I killed time by watching the safety mirror above the driver’s head. Yellow streetlights flashed across the curved glass, letting me track Karter in the back row. Karter sat next to his freshman roommate, looking tired, but he was smiling and leaning into whatever the kid was saying.

I gripped the edge of my seat. It made me sick to see how easily he fit in with someone else. He belonged in that bright and comfortable world. And I was the one pulling him down.

I looked away from the mirror before I broke something.

The eight-hour bus ride back to campus gave the post-game high plenty of time to wear off.
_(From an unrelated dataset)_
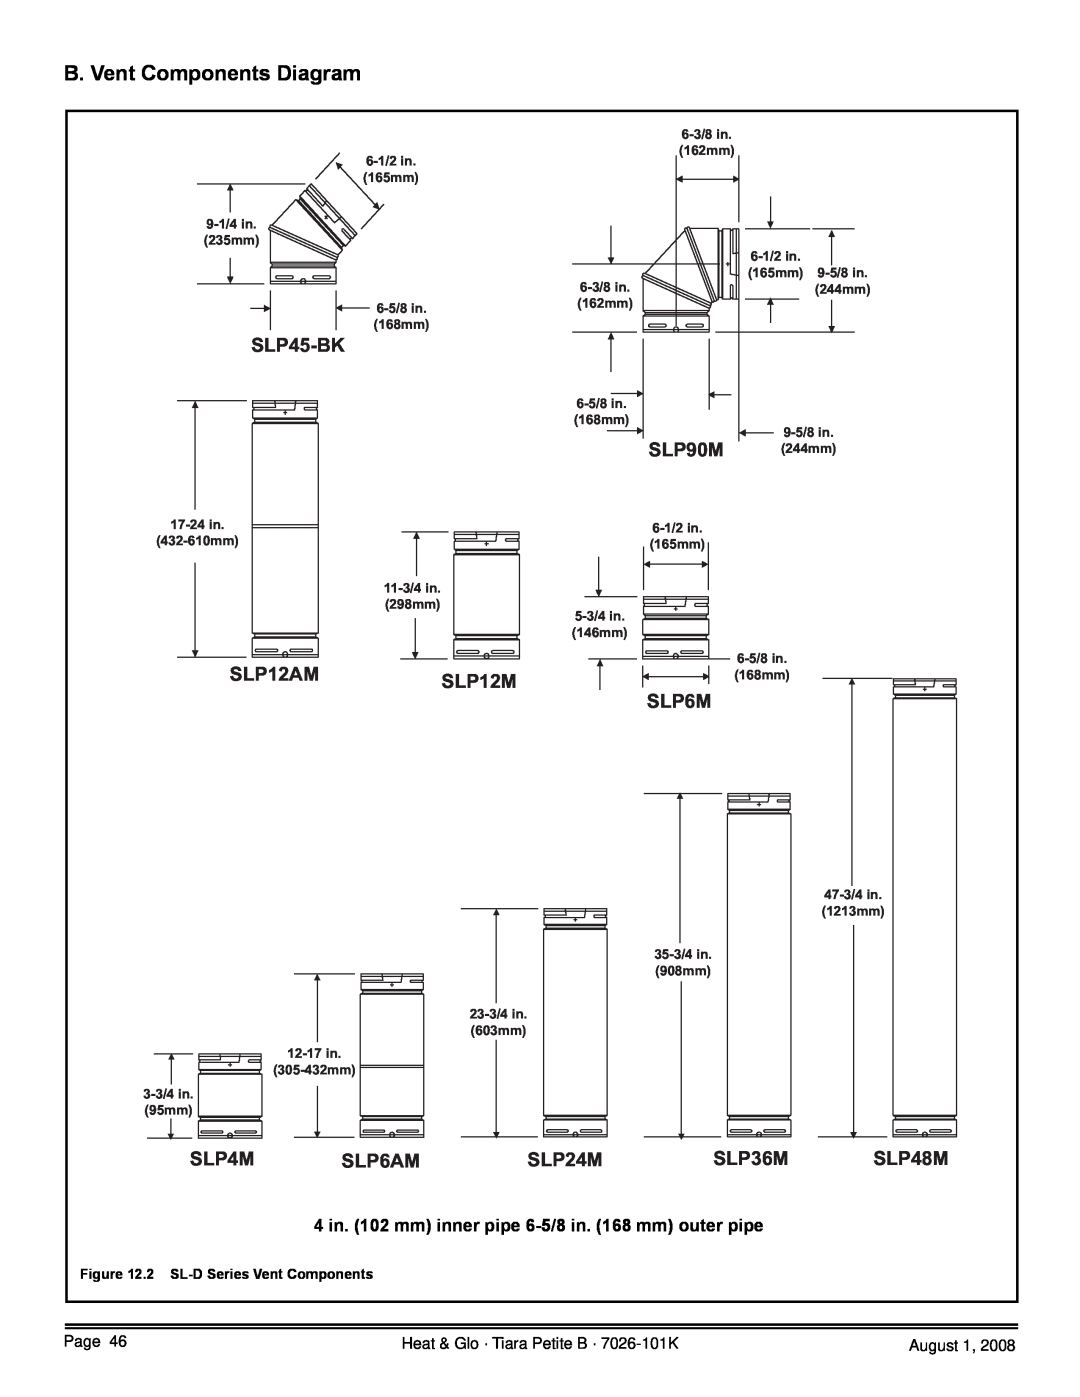 Heat & Glo LifeStyle TIARAP-BK B. Vent Components Diagram, SLP45-BK, SLP90M, SLP12AM, SLP12M, SLP4M, SLP6AM, SLP24M, SLP6M

By the fifth hour, the mood inside the bus turned sour.

The legacy guys sitting near the front started bragging loudly about their shifts, and the scholarship players in my section threw comments back about who carried the game.

“Zotov, are you even listening?” Perez asked. He stopped bouncing his knee and studied my profile.

I scratched the side of my chin and let the lie come easily. “Yeah. Just thinking about the rest of the season.”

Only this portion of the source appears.